I'm trying to create a service that will do background jobs for me even after the user closes the app from the running processes menu(by shifting process out of the screen).
What I tried to do is create service in a different process by declaring it like this:
<service
android:name=".service.Service"
android:enabled="true"
android:icon="@drawable/ic_launcher"
android:process=":my_process" >
</service>
and the onStartCommand() is:
@Override
public int onStartCommand(Intent intent, int flags, int startId) {
return START_STICKY;
}
According to the Android documentation you can achieve this behavior by using the attribute:
android:isolatedProcess="true"
By the way, I know that it's not answering the question but it might help some people as well - lately, I found out about a great third-party lib that Evernote developers have created. Its name is Android-Job and its aim is to create jobs that run on different processes and can become active again even after a device reboot, it's amazing.

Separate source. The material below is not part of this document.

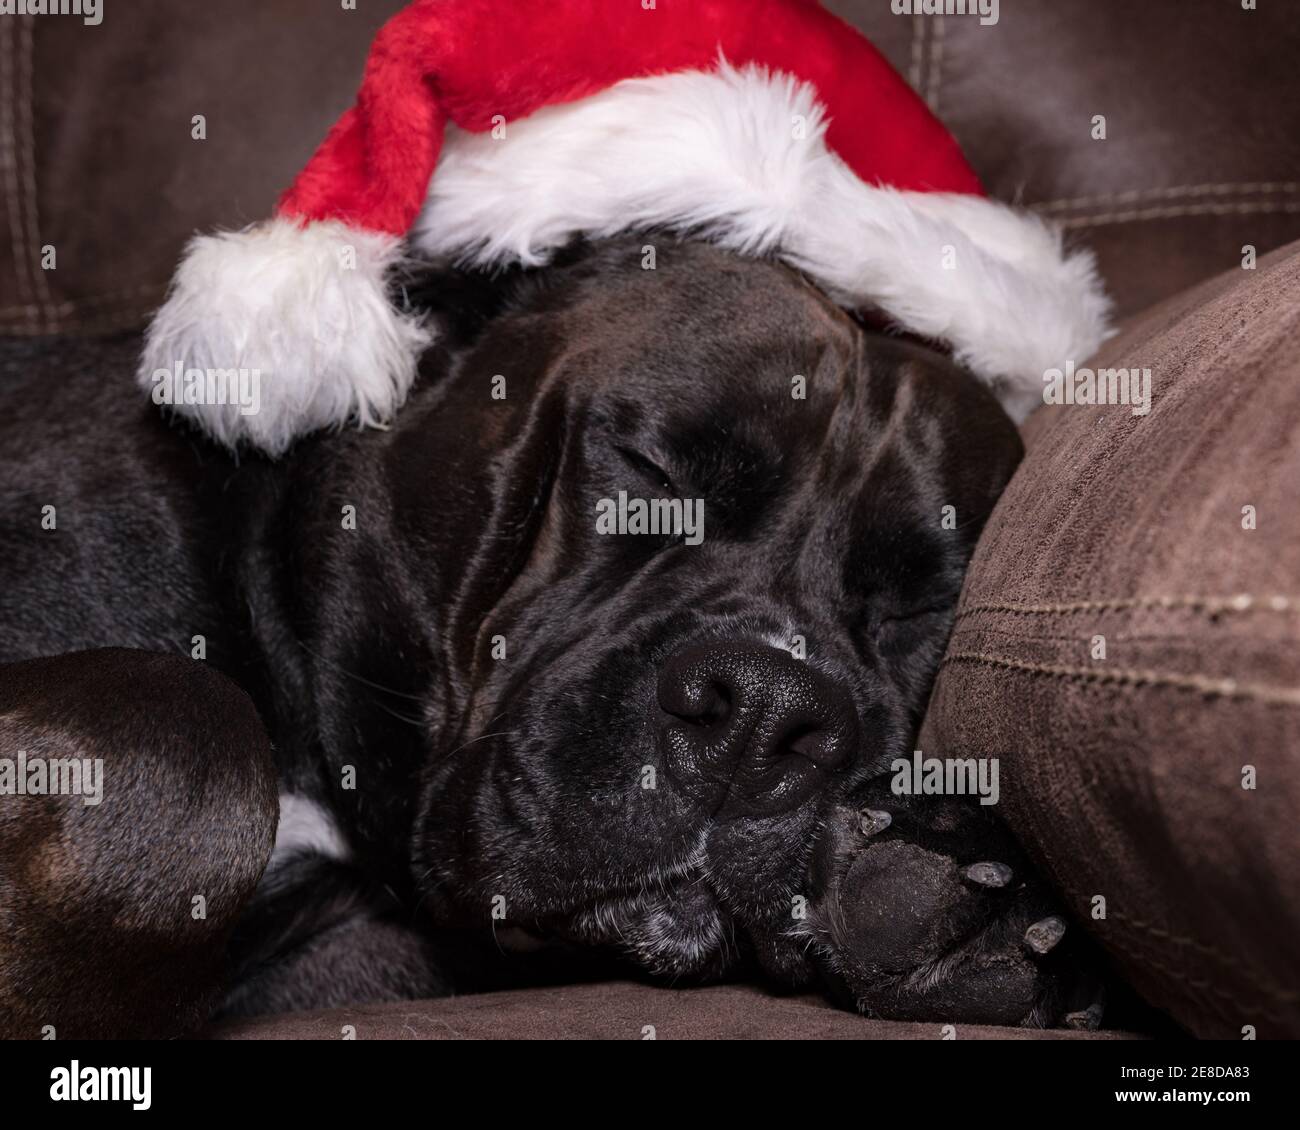 Large black dog sleeping on a couch with a santa's hat on his head Stock Photo
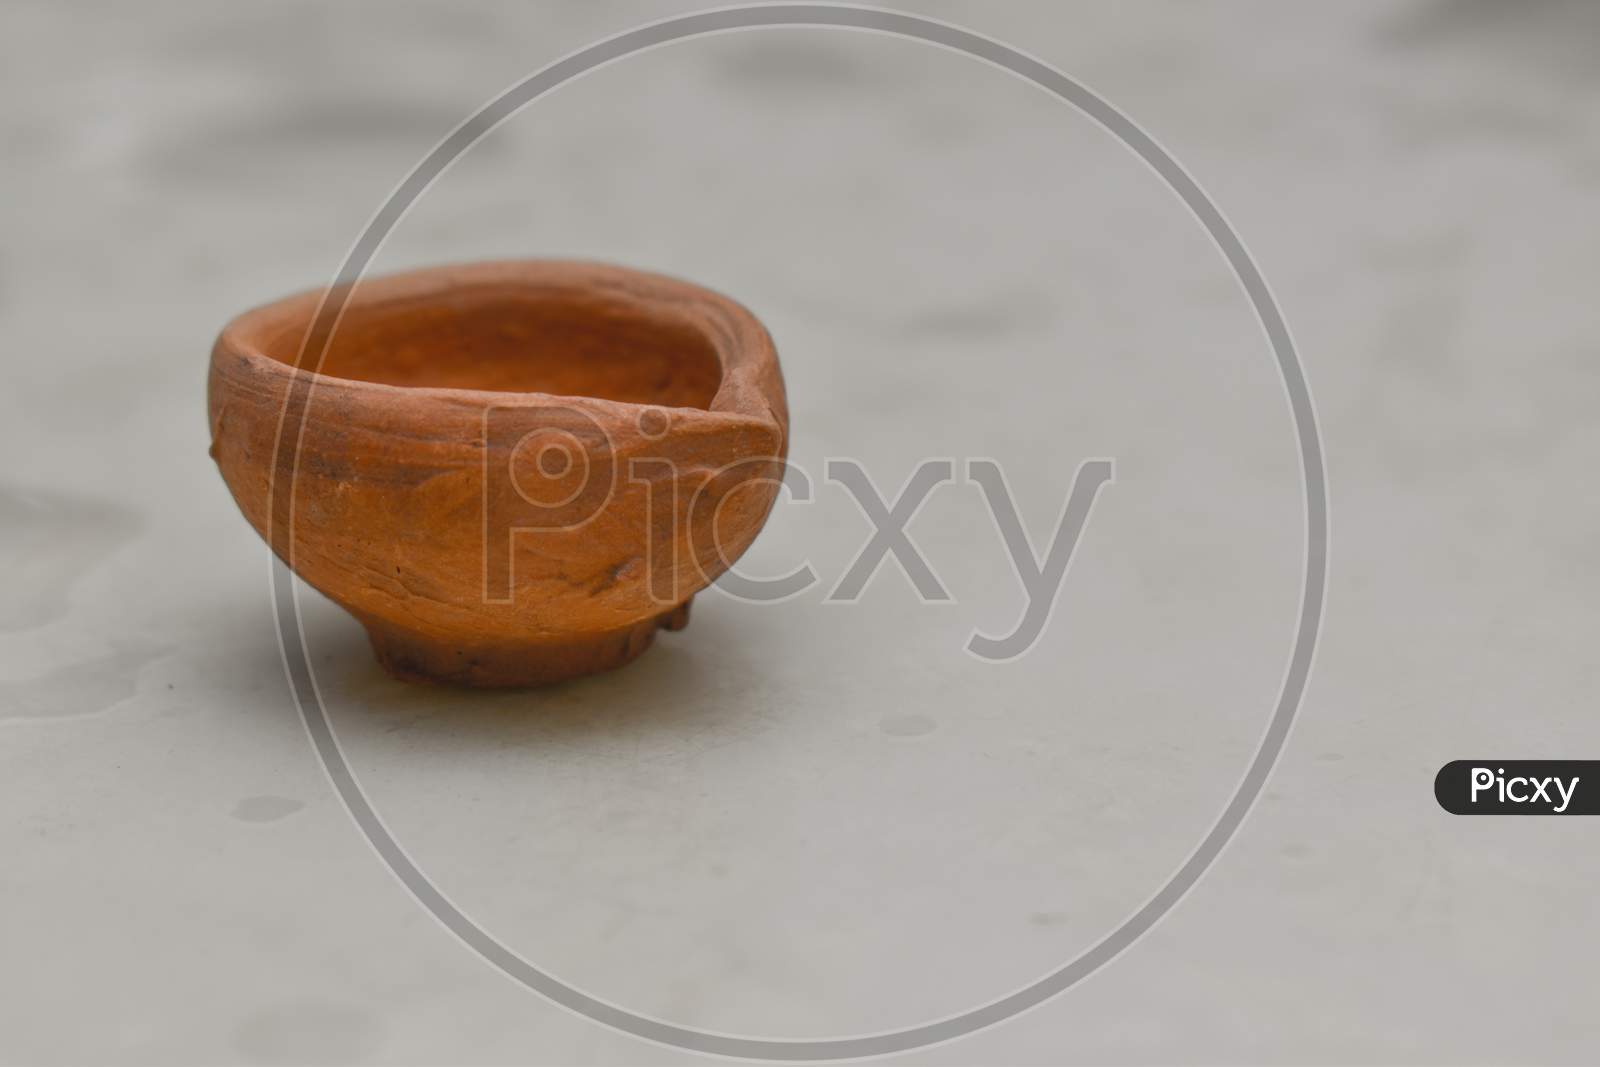 Indian Clay Oil Lamp Or Diya For Diwali Festival Use To Decorate Home,Temples And Other Places.

Actually there are different kinds of services you can implement. Use a Service instead of IntentService
. There you need to look at START_STICKY
, START_NOT_STICKY
and START_REDELIVER_INTENT
you can keep your service running in background even if your activity dies. Android services also look at AIDL
services
For this you can use Handler and Runnable class
@Override
public void onCreate()
{
Toast.makeText(context, "SMS SERVICE START", Toast.LENGTH_SHORT).show();
handler=new Handler();
runnable=new Runnable() {
@Override
public void run()
{
TASK();
handler.postDelayed(runnable,180000);
// 3min delay
}
};
handler.postDelayed(runnable,180000);
super.onCreate();
}
This task run continuously 3min
public void TASK()
{
//your task
}
Services were designed to run in the background, no need for a different process.
From the services documentation:
Once started, a service can run in the background indefinitely, even if the component that started it, is destroyed.
The service however, should stop itself, when its work is done. IntentService is the easiest way to start implementing a service.